太陽工業コラム
地域の中核拠点、これからの街づくりの中心として、駅はこれまで以上に大きな期待を集めています。地域交通の拠点であることはもちろん、災害時の防災拠点、地域コミュニティの中核として人々が集いやすい環境の整備など、駅を中心に街のネットワーク機能を見直すことで、高齢化、中心市街地の空洞化など地域が抱える問題を解決し、持続可能な街づくりを考えていくことが重要だとされているからです。
街と駅の新しい関係
駅は交通要衝だけではなく、街と人、人と地域をつなぐハブでもあり、さまざまな機能を担います。駅が街にとってどういう存在であるべきか。今、求められる機能とは何か。駅という存在の意味が多様化しているのと同様、膜構造やTMトラスといった私たちの製品・技術も単にその機能のみに意味があるわけではありません。むしろ私たちが強く意識するのは、それによってつくり出される空間の価値です。たとえば膜屋根の設置は、雨風をしのぐだけが目的ではなく、は利用者の利便性・快適性を高め、駅、そして街に賑わいを生み出すことです。そんな駅機能を高度化・最大化していくことこそが私たちのミッションでもあるのです。

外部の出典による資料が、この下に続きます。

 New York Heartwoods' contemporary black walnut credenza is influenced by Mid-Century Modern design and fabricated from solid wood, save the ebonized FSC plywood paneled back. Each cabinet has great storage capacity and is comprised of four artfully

地域のアイコン、街のランドマーク | 膜が可能にするシンボリックな駅空間デザイン
駅は交通の要衝であると同時にその街の顔。美しい駅は街のランドマークとして地域に住む、そこに通う人々の誇りや喜びにもつながります。 膜構造は軽くて柔らかい素材の特徴を活かし、曲線、アーチ、それらの複雑な組み合わせに対応し自由なフォルムを表現することができます。くわえて高い透光性を活かした自然光、人工光を使った空間演出が可能です。

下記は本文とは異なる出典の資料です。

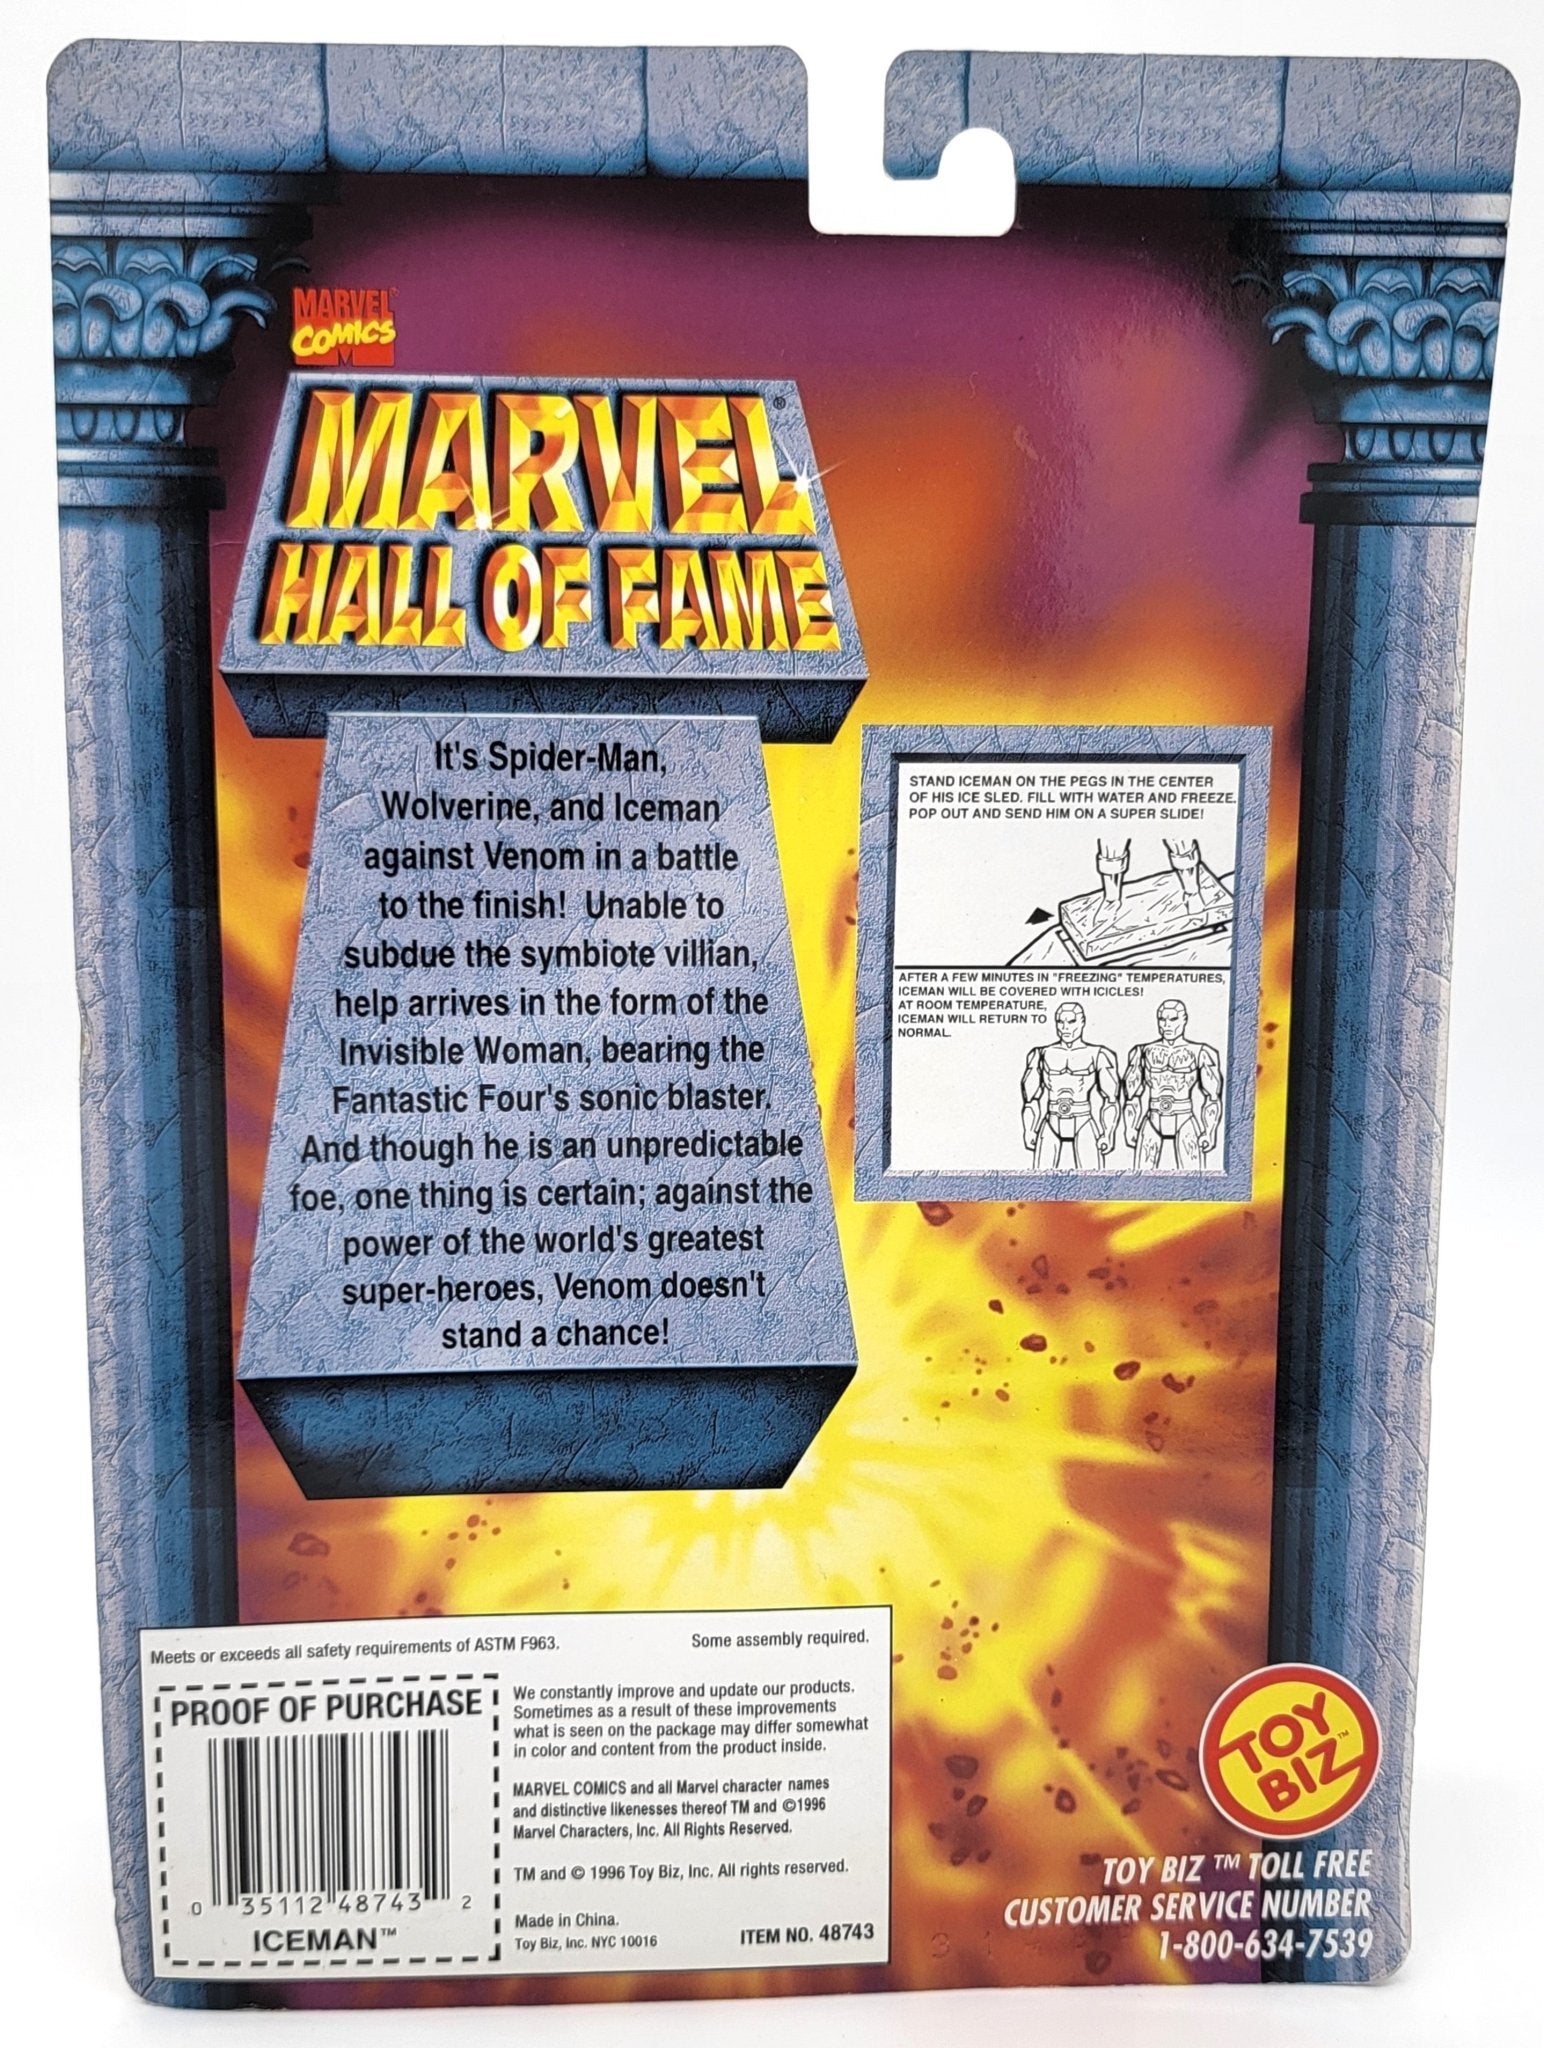 Toy Biz - Toy Biz | Marvel Hall of Fame - Iceman 1996 | Vintage Action Figure - With trading card - Action Figures - Steady Bunny Shop

膜はその存在自体に、威圧感や圧迫感がないのも大きな特徴です。東京駅八重洲口のグランルーフは全長約230m、幅最大9mの大屋根ですが、大きなむくりを持った形状に柔らかな光が射し込むことによって、雨風、日射しを防ぐ屋根機能と開放感ある空間を同時に実現しています。丸ノ内側がレンガ造りによって歴史性を示すのだとしたら、八重洲側の独創的なデザインは「東京の未来」を象徴するアイコンだと言えます。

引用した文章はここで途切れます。